# Beaver Prime?



## boondocks (Jan 27, 2006)

When does beaver fur become prime or is it always prime? I heard people trap a lot of beaver in the spring and thought it was a little odd being most other fur at that time of year ain't worth a poop. Just curious.


----------



## cya_coyote (Aug 31, 2005)

think about it... how quick does the water warm up? it stays colder in the water, and as a result the fur stays prime longer, so the beaver and muskrat stay prime longer than other animals.

down here in kansas, they usually don't prime until mid-december as it also takes longer for them to get prime since the water also stays warm longer... kind of a give and take there.

cya

:sniper:


----------



## boondocks (Jan 27, 2006)

So when are they no longer prime?


----------



## xdeano (Jan 14, 2005)

when the ice starts breaking up or when crossovers start running. They usually start rubbing on the back of the head pretty well. The ice does a number on the fur.
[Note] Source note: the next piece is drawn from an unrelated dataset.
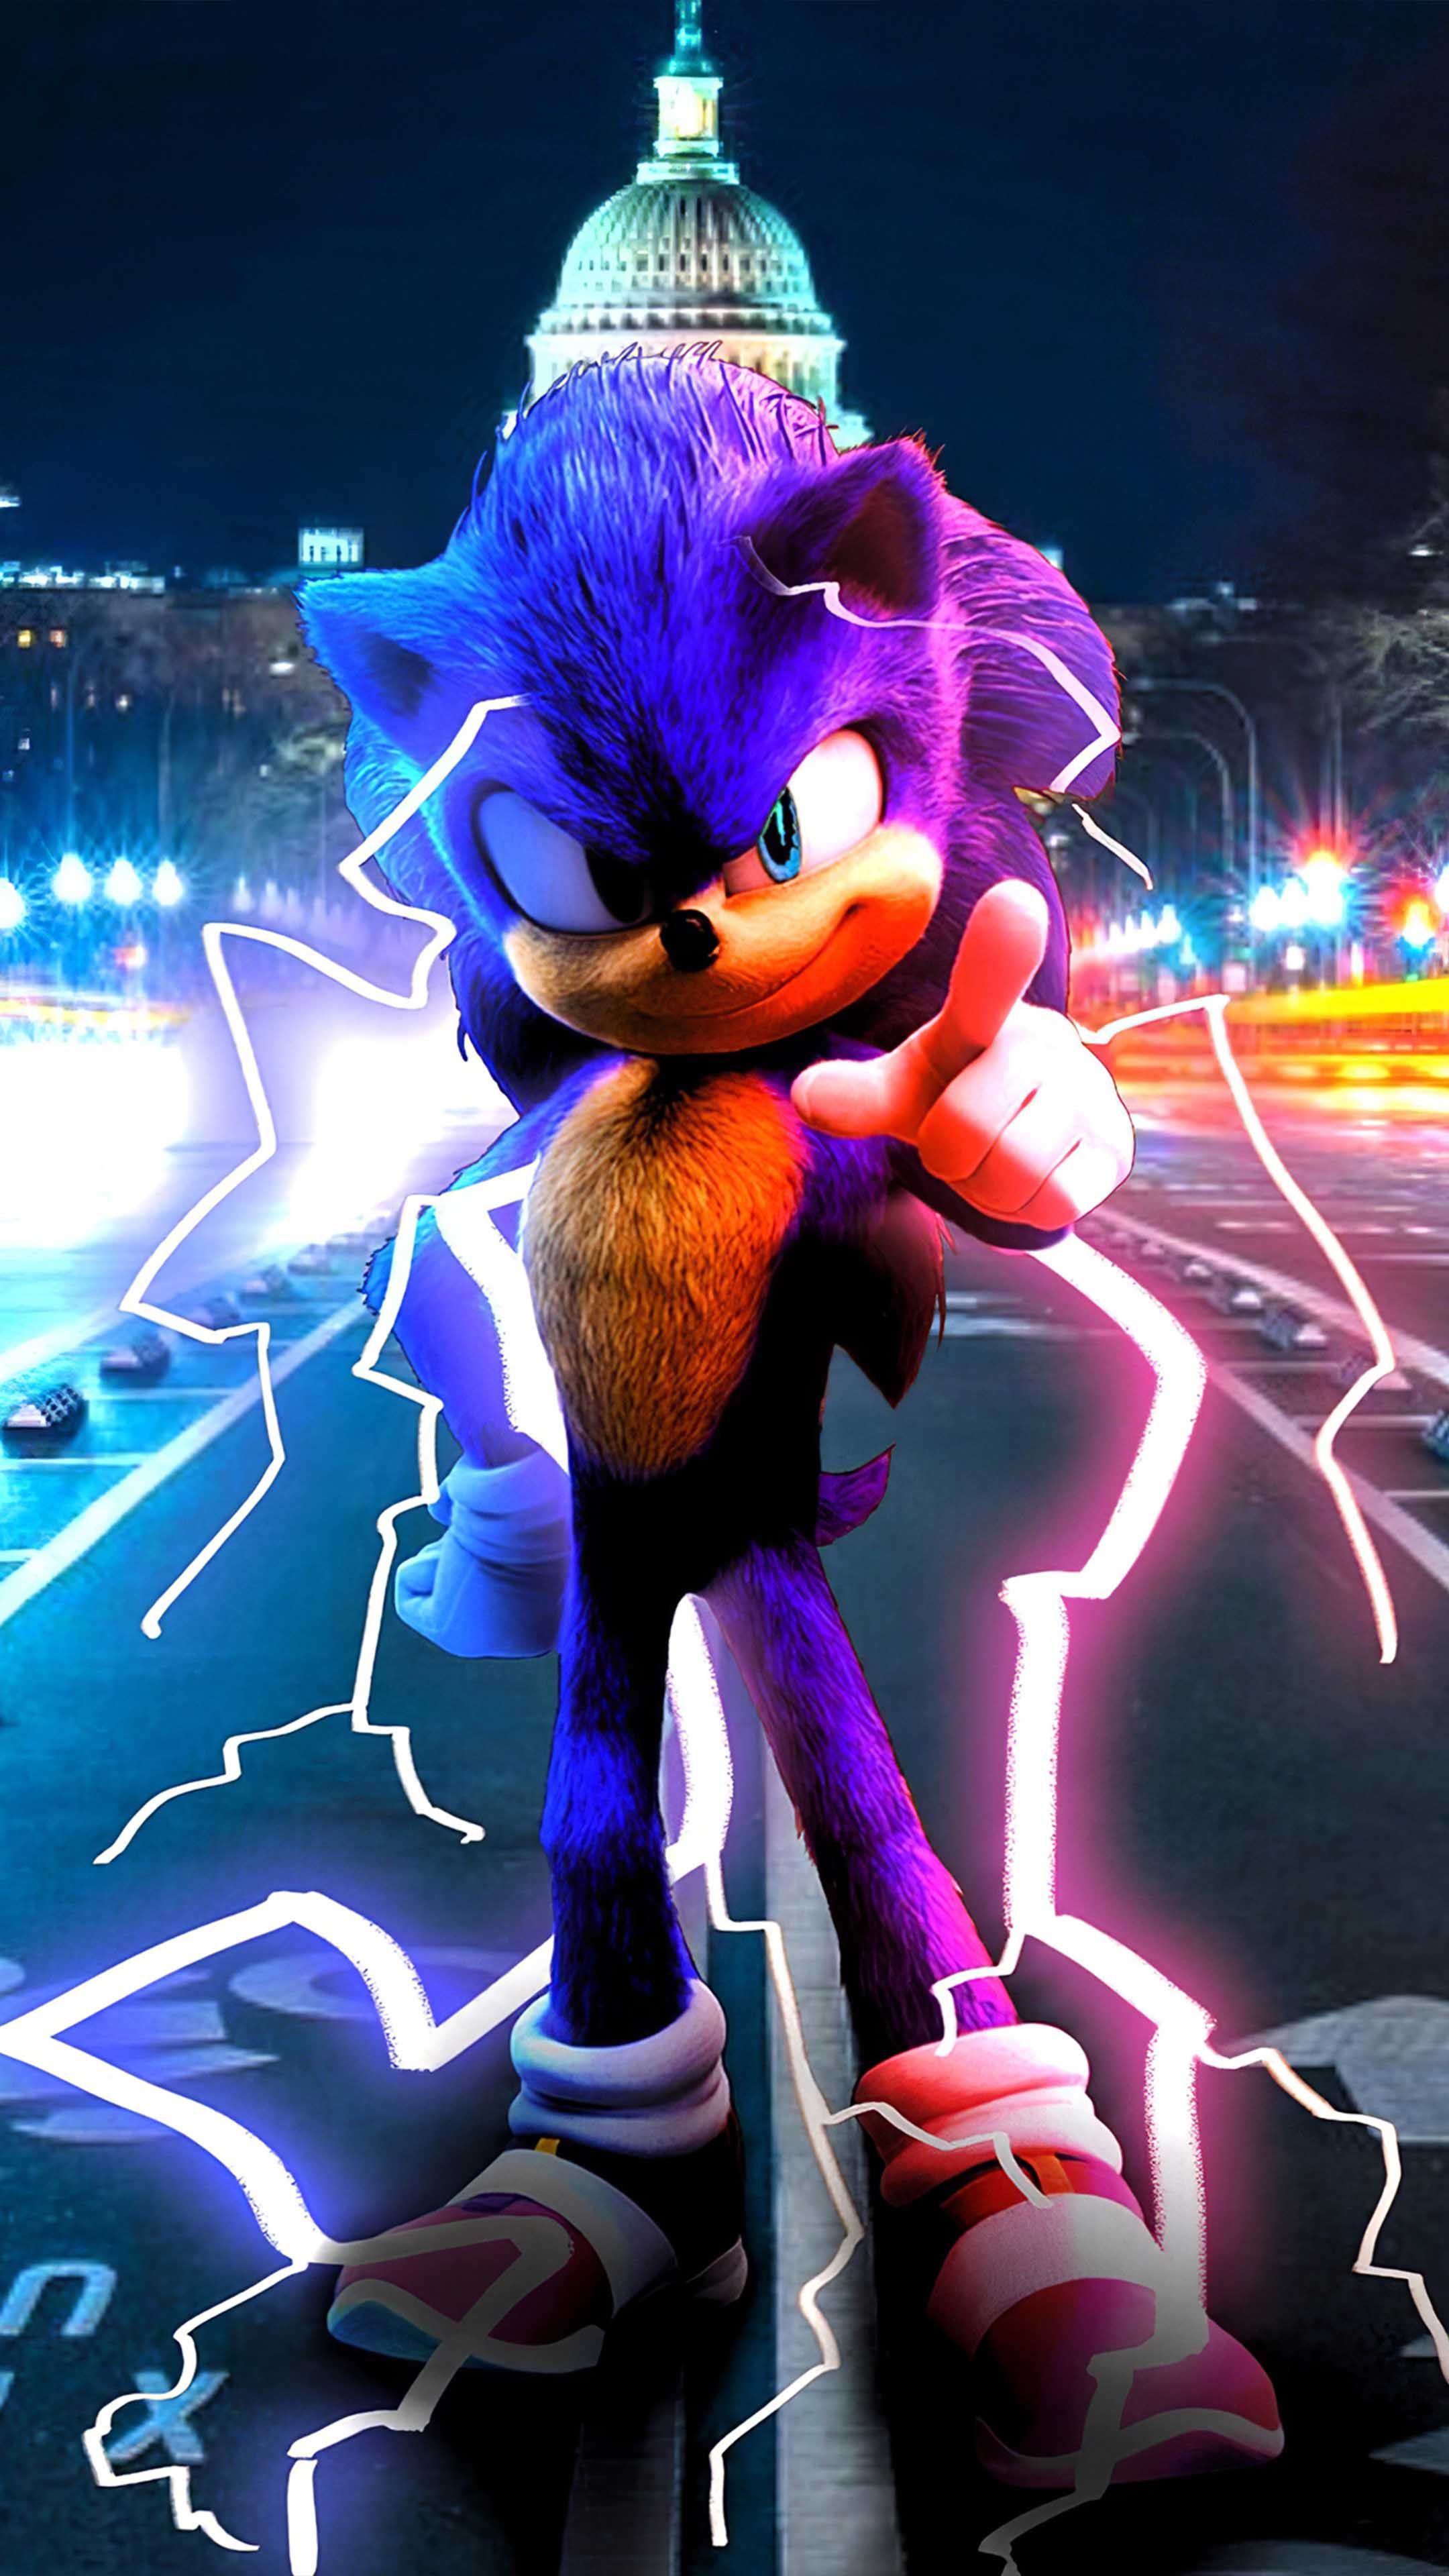 Sonic The Hedgehog Poster 2020 4K Ultra HD Mobile Wallpaper. Personajes animados de disney, Personajes de goku, Pelicula de sonic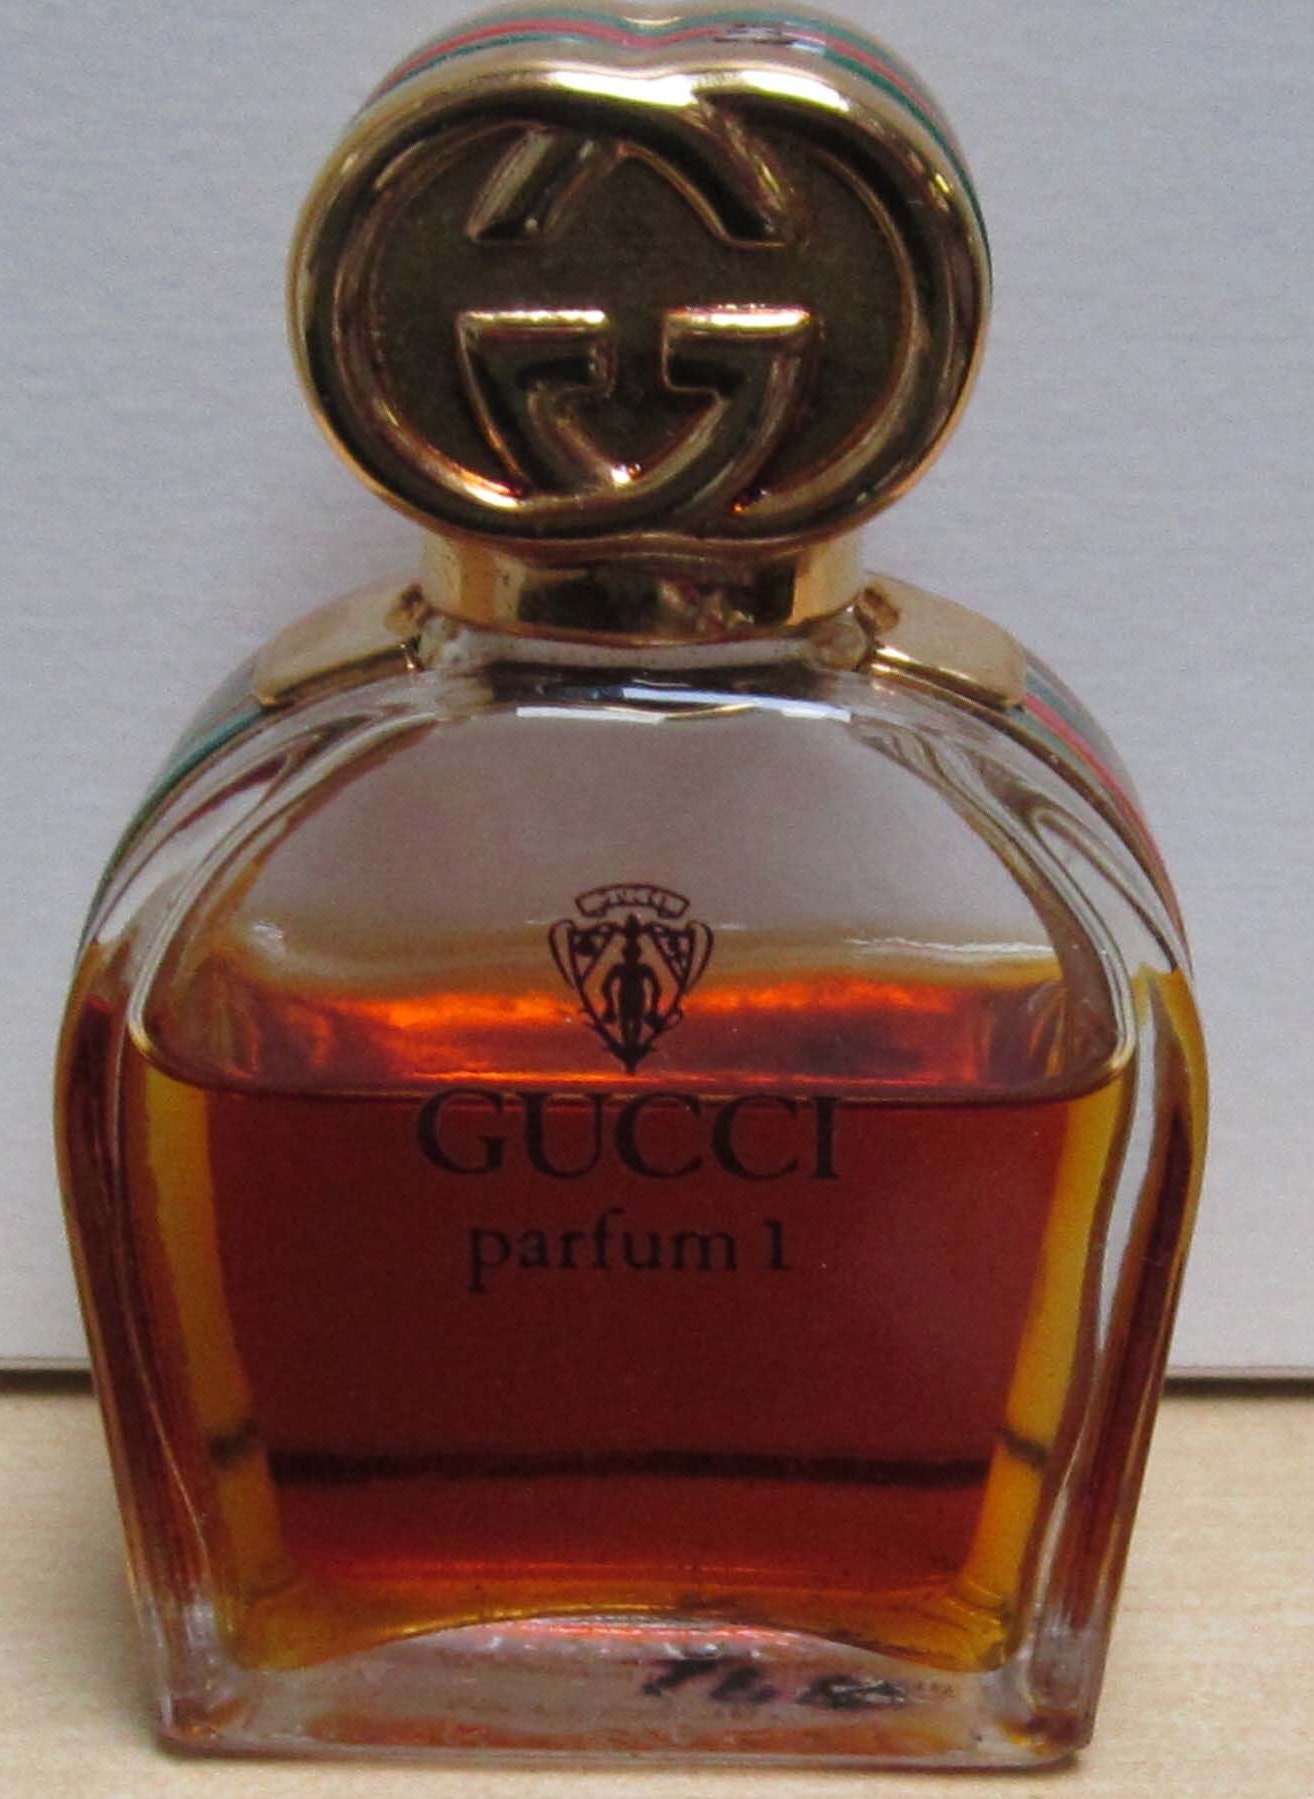 Parfum 2 Gucci - Etsy

then about the same time is when territorial stuff starts happening and you'll get beaver that have bites all over, you'll get docked for having a bunch of holes.
xdeano


----------



## cya_coyote (Aug 31, 2005)

we don't have much ice problem down here usually, so we can trap them up until mid-march and still get some good fur. i usually trap beaver until my birthday, which is the 24th. still good fur, but a few will have bite marks. sew them up and they are still pretty decent money, but they do dock a little bit.

cya

:sniper:


----------